◆ **RECORDS FOR THE EXERCISE**:
Content starts
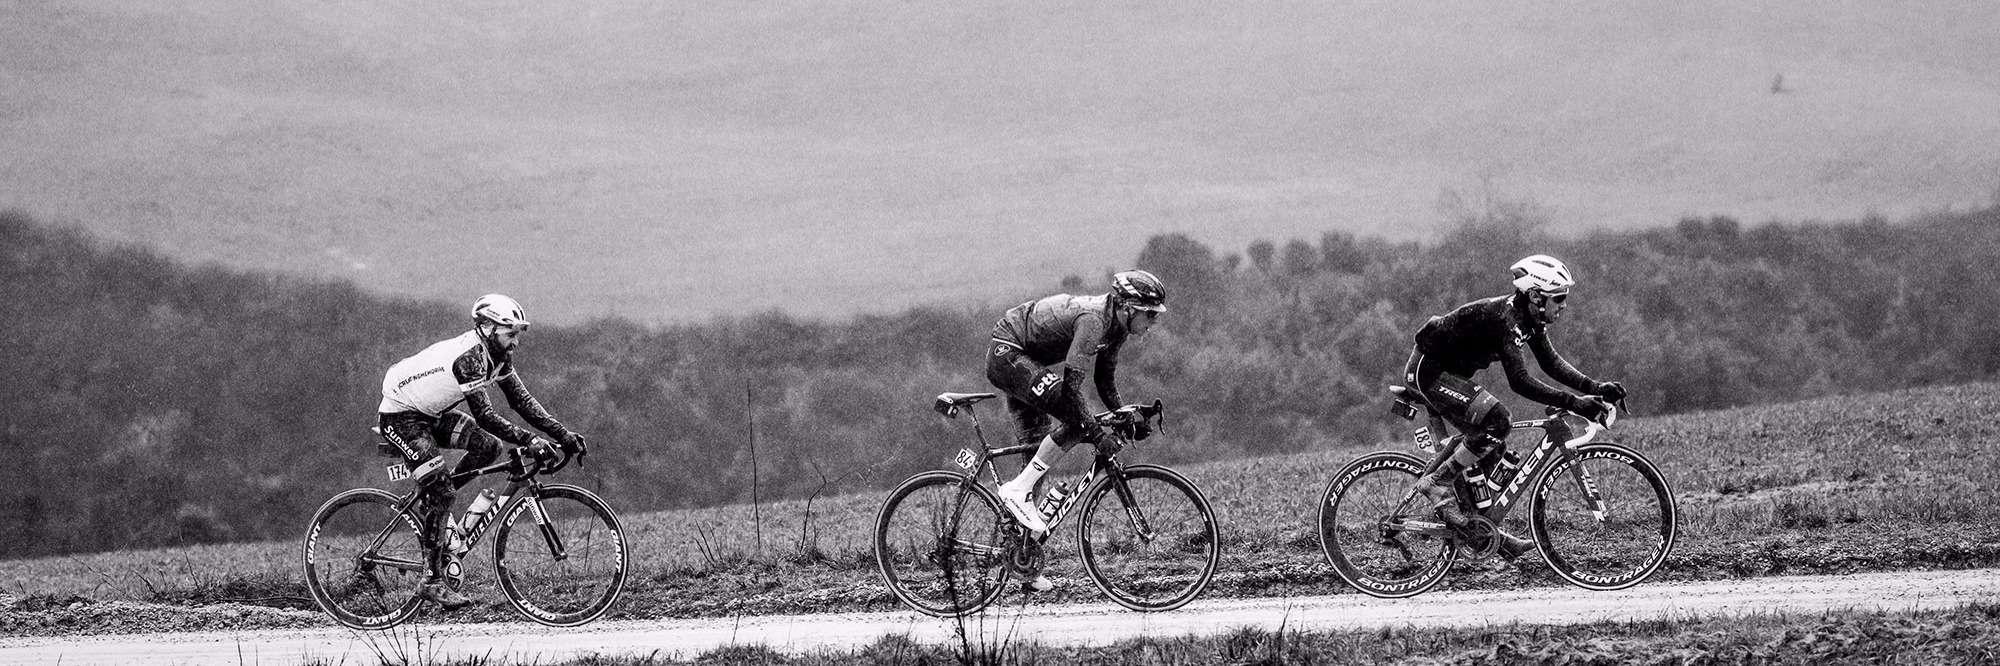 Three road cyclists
Content ends
Content starts
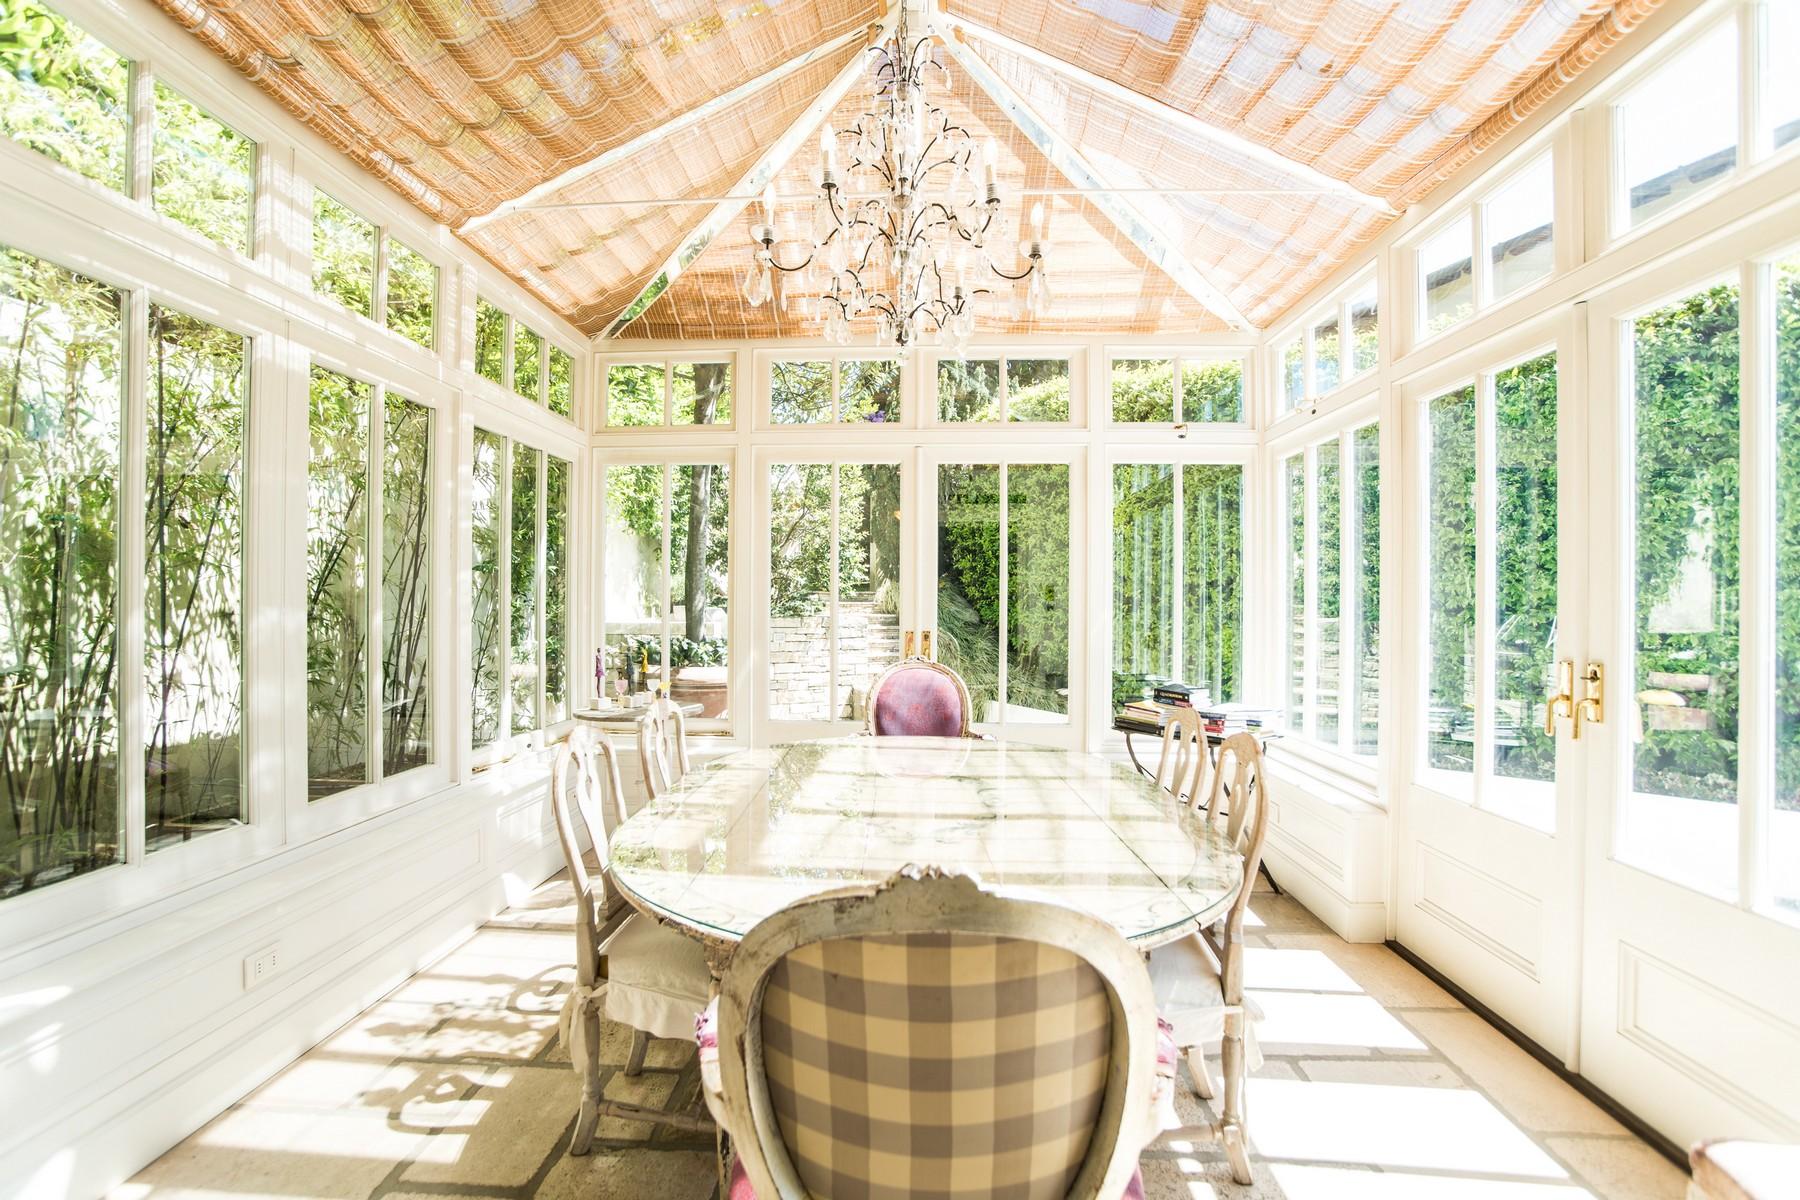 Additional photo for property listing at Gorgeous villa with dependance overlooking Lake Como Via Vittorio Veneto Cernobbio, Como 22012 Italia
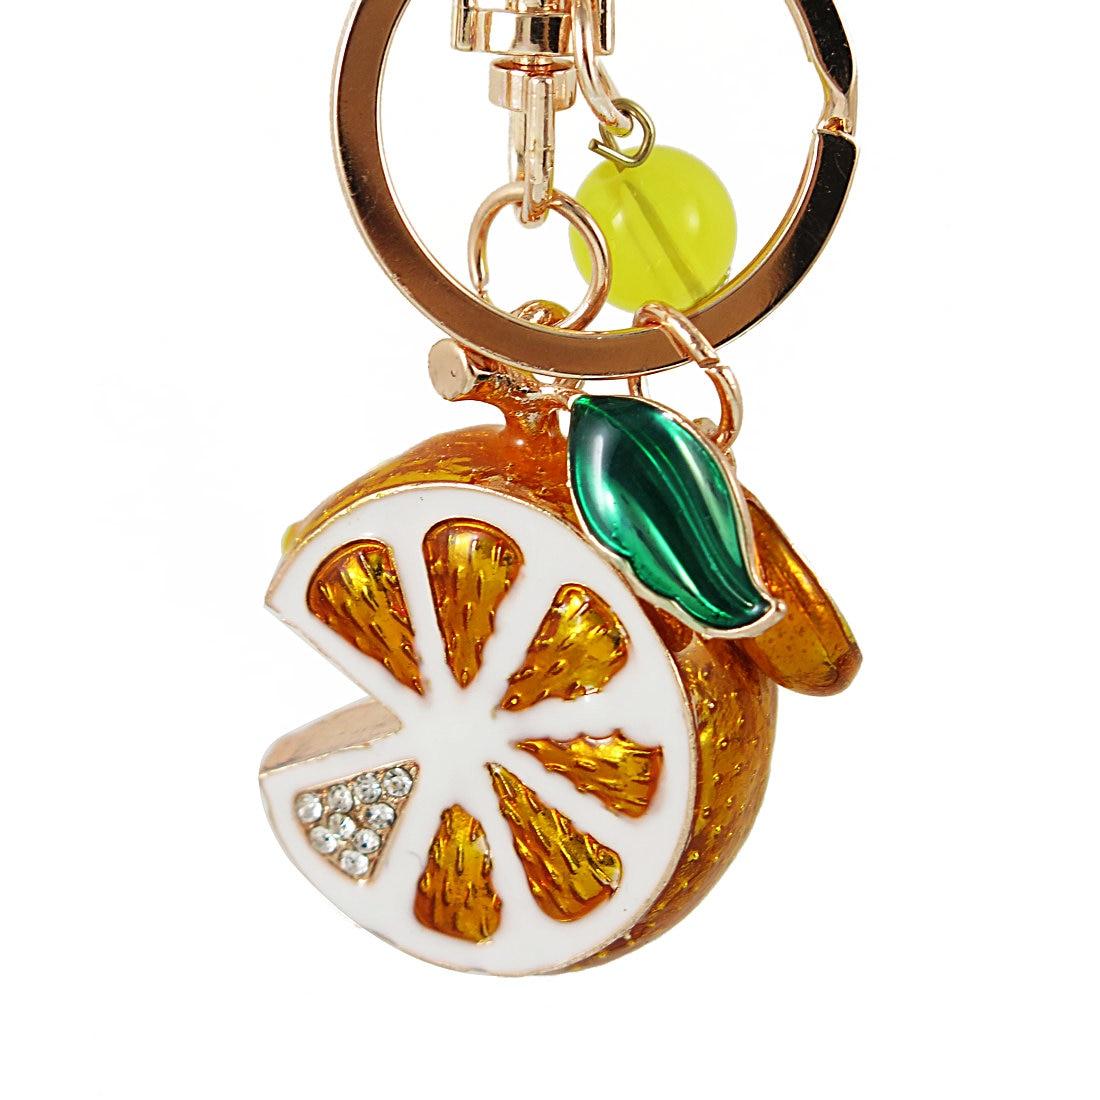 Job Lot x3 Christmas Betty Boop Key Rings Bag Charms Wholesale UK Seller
Content ends
◆ **THE PROBLEM**: Working from the entries above, please transcribe only the lines from the line with "Additional photo for" through the line with "Job Lot x3 Christmas", exactly, with both end lines and without pictures.

◆ **ANSWER TO THE EXERCISE**:
 Additional photo for property listing at Gorgeous villa with dependance overlooking Lake Como Via Vittorio Veneto Cernobbio, Como 22012 Italia
 Job Lot x3 Christmas Betty Boop Key Rings Bag Charms Wholesale UK Seller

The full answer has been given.